Местное, вестфальское телевидение показывало фильм о войне. За два дня до коммунальных выборов это обнадеживало. Хотя… Мы называли ту войну Великой Отечественной, здесь за это словосочетание ругают в школах, его вычеркивают редакторы самых «неполиткорректных» немецких газет. Я знаю, я успел поработать в нескольких. Здесь говорят о войне на Восточном фронте. Хорошо. Хоть так. Если здесь не вспоминают 8 мая, зато отмечают высадку в Нормандии, то пусть будет война на Восточном фронте…
Мы смотрели с сыном кино. Я считал полезным этот вечер вдвоем. Хоть что-то с моего берега… Долго сидели молча на диване. Потом я спросил у сына, знает ли он, кто такой Геббельс. Он предположил нечто из истории немецкого футбола.
Тогда я кричал в него страшные слова. Мой дед дошел до Берлина, сводная сестра бабушки погибла в Бабьем Яре. Он сказал, что не хочет думать о плохом и о хорошем так, как думаем мы, и история не волнует его, поскольку мир поступательной справедливости оказался ложью, и оттого на смену ему пришел век хип-хопа. А еще он добавил, что скинхеды живут в соседнем подъезде, но о Геббельсе знать не знают. Я ответил, что век хип-хопа уже вытесняется веком Смертника, но им этого не заметить. Последнее слово осталось за мной. Мы разошлись по спальням. Каждый на свой берег.
Мне плохо спалось в эту ночь. Было душно, грезилась муть, не оставившая ясного следа в памяти. Но я был рад и ей: мне уже годы казалось, что молодость моя закончилась на той черте, перейдя которую, я перестал видеть сны. Маленький, юный и даже уже взрослый я был богат ночной фантазией, а потом я стал много трудиться. Пишу книги. На сны не растворяется окошко.
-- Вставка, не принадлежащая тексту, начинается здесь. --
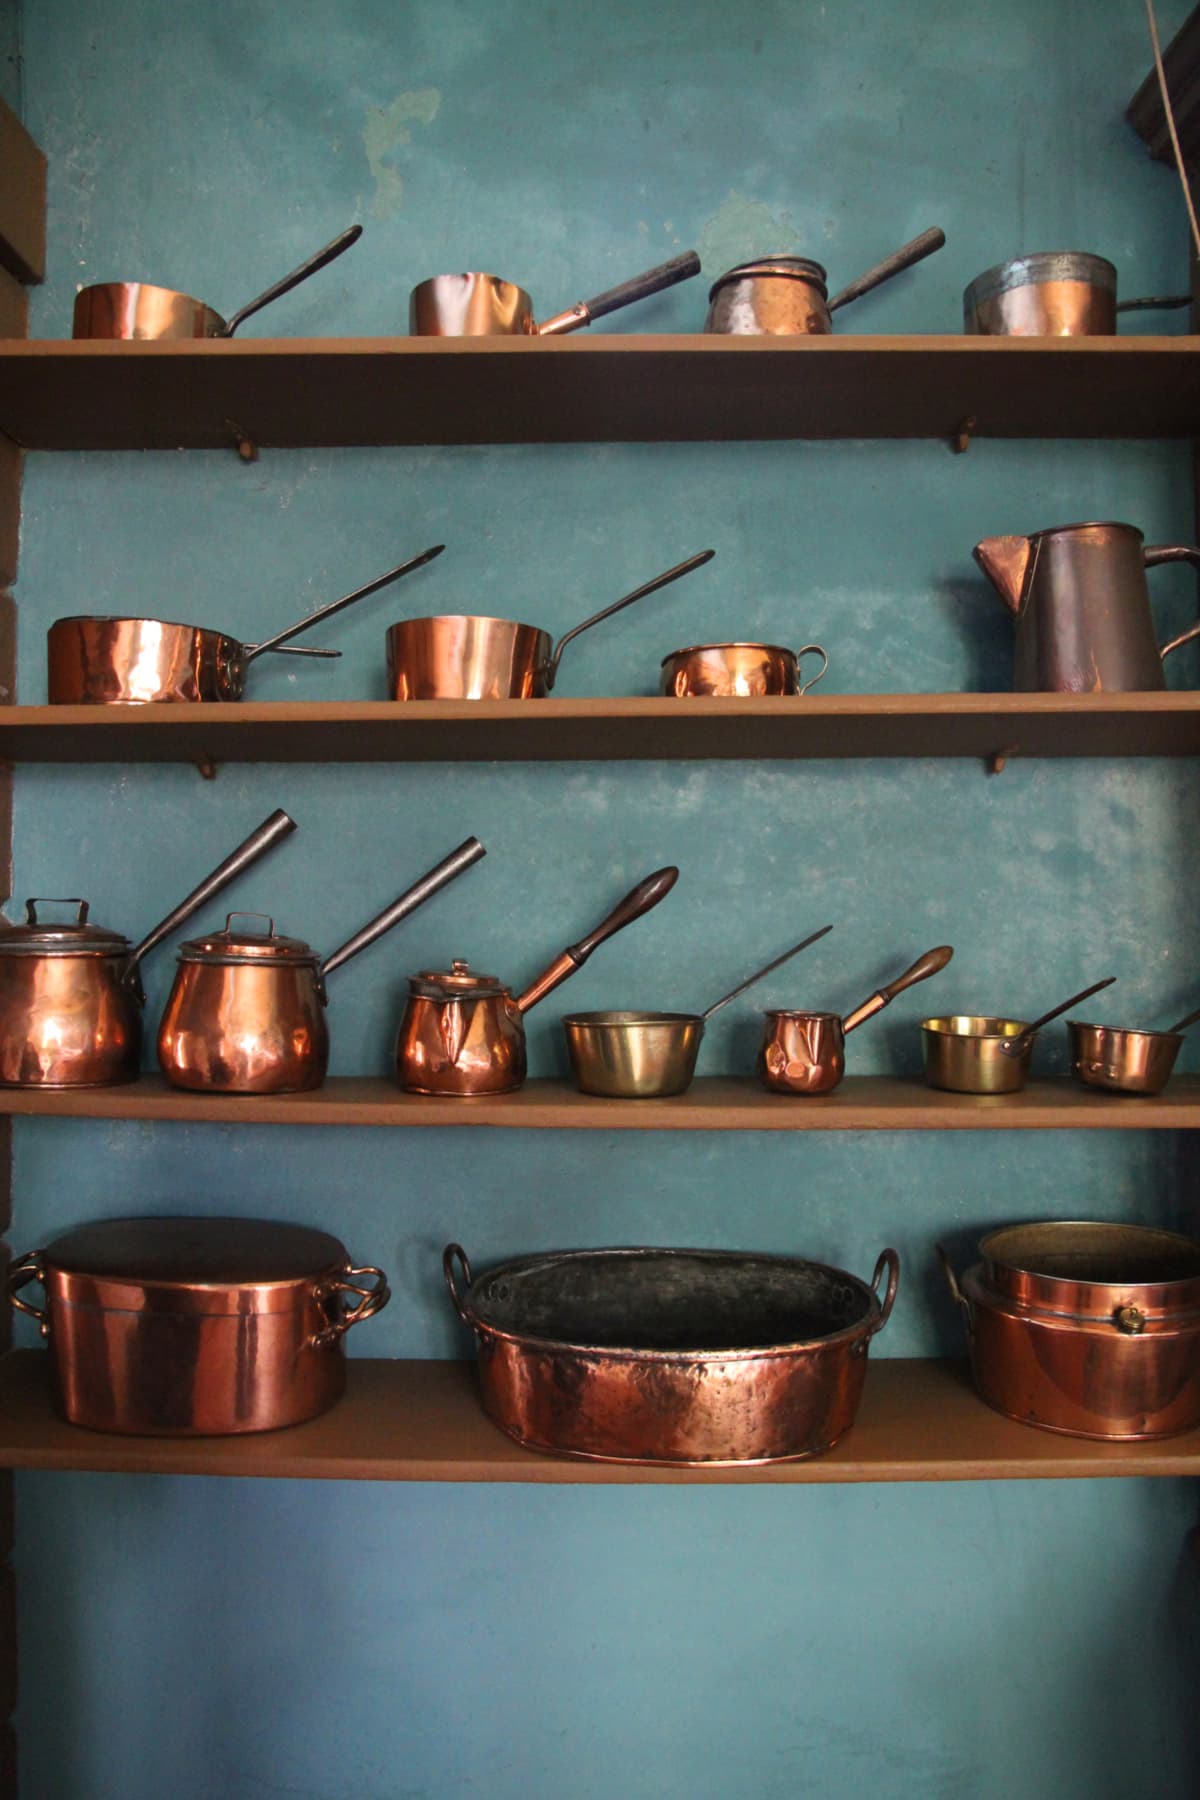 Old copper pots on shelves
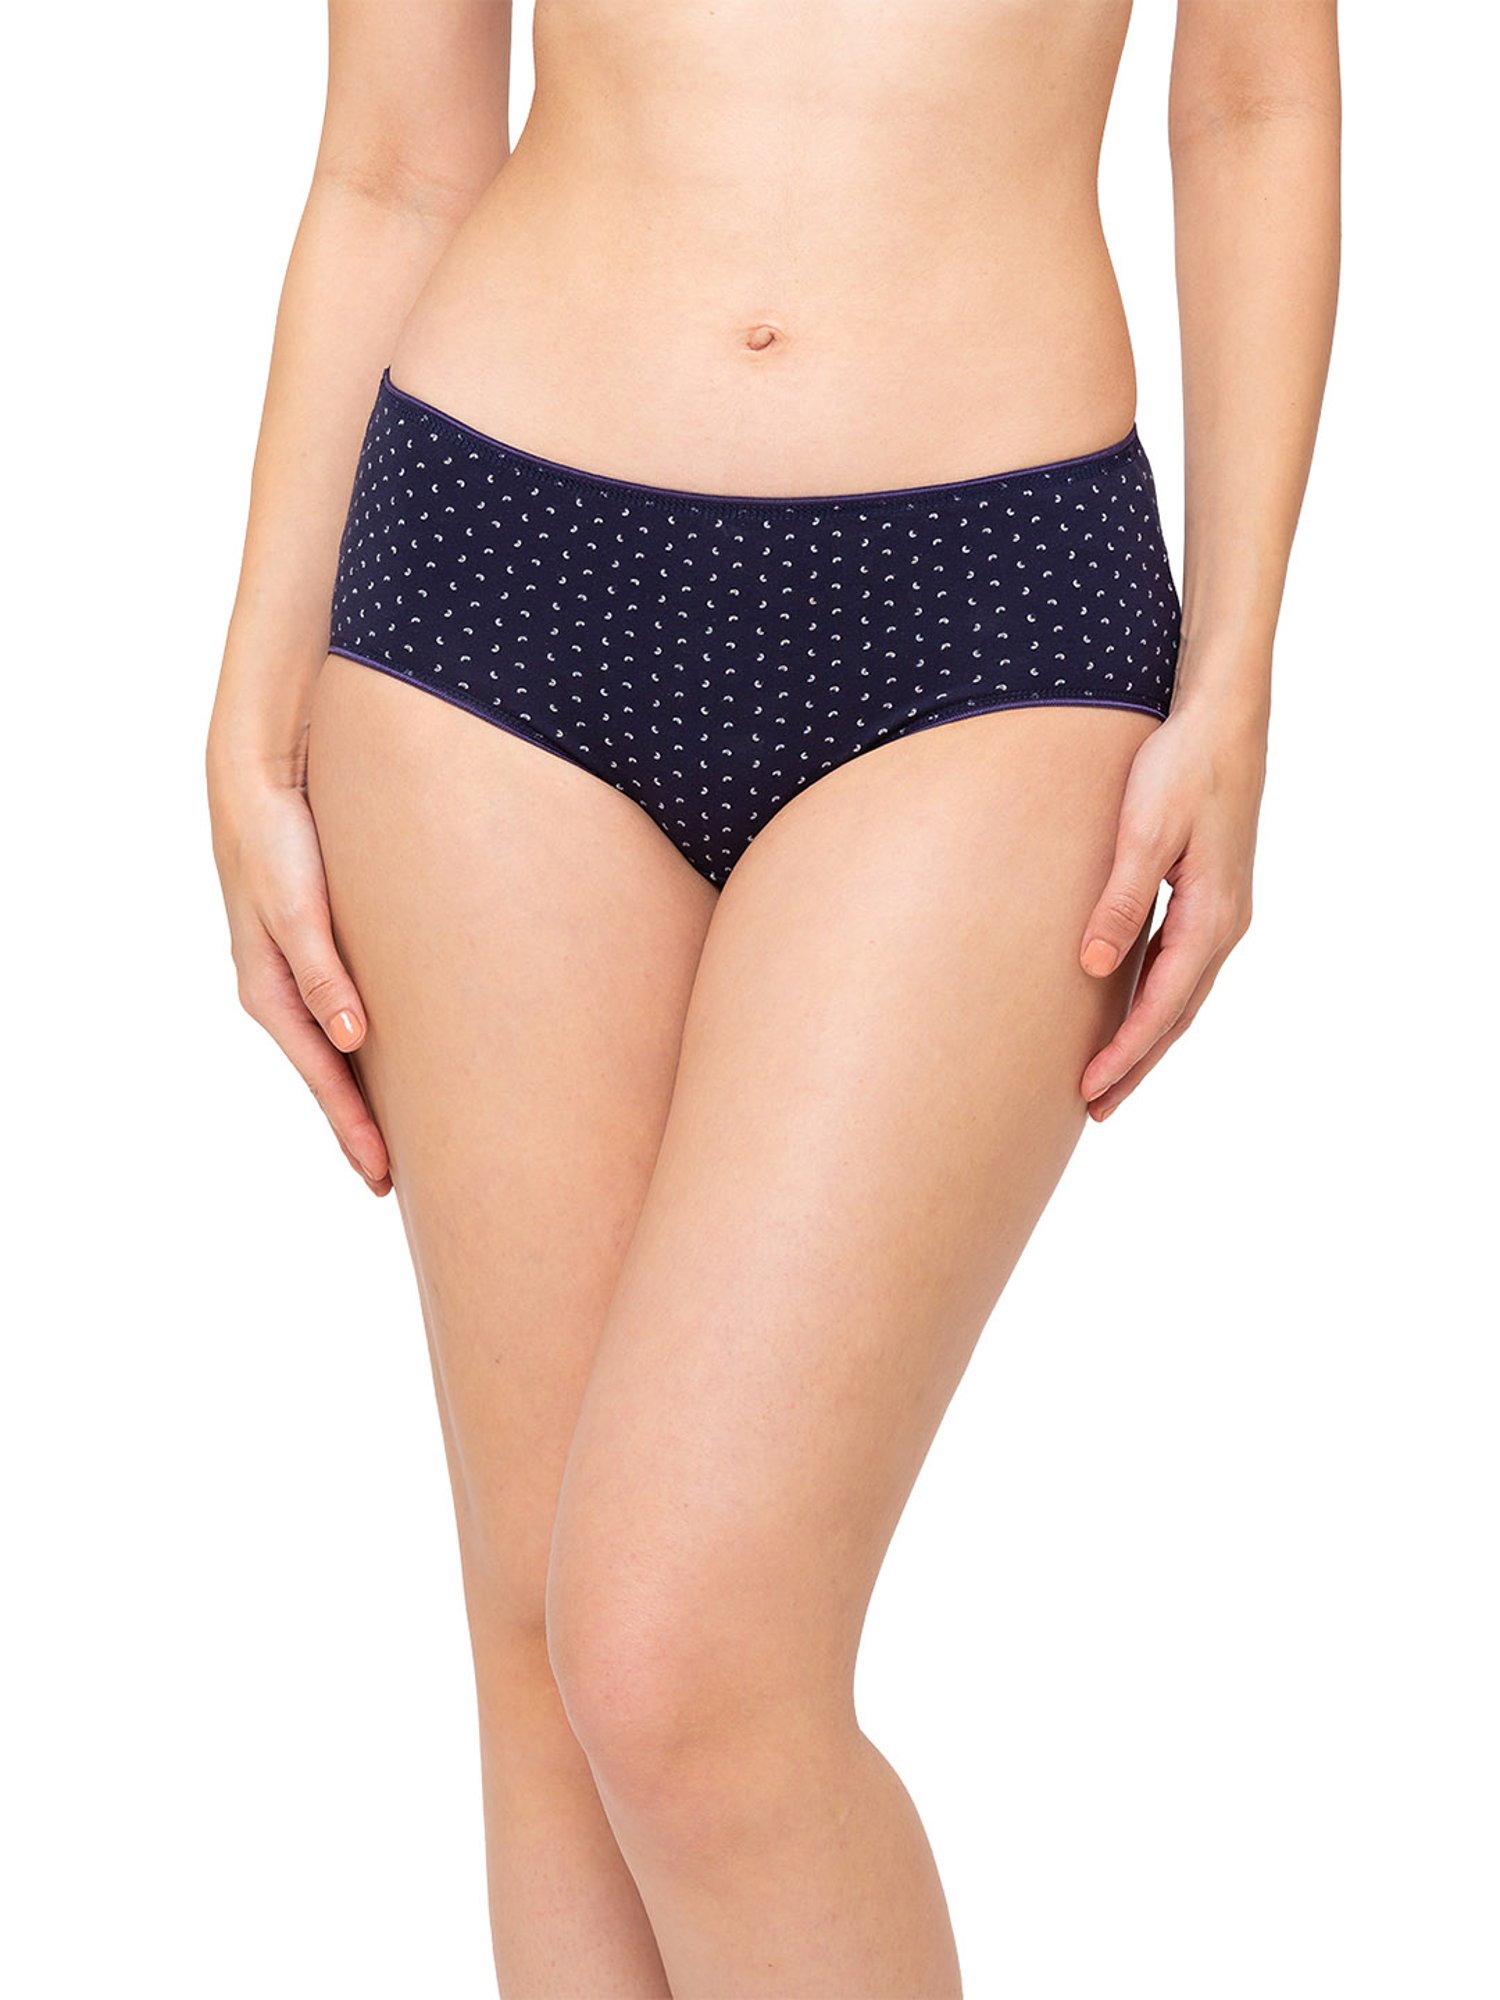 Buy Assorted Panties for Women by JULIET Online

Утром я, несмотря на голод, поднялся поздно. Шла суббота. Желудок напоминал об отсутствии ужина. Сын ждал меня на кухне. Это удивило. По субботам сын старался вставать тогда, когда я уже отправлялся в кабинет, писать. Я, увидев его, поинтересовался, что привело его в бодрость в столь ранний полуденный час. «Плохо спалось после фильма, папа. Снилась ерунда».
– Расскажи мне.
– Зачем?
Я объяснил ему про примету: передай дурной сон, не сбудется. У меня возникло странное чувство, как будто после долгого лыжного бега в одиночку я приложил к щеке снег. И бежать дальше легче. Он подумал и передал мне сон.
2. Сон сына.
В поселке Брюгген жила корова. Дети прозвали ее Геббельсом. Они так и кричали ей: Геббельс, Геббельс!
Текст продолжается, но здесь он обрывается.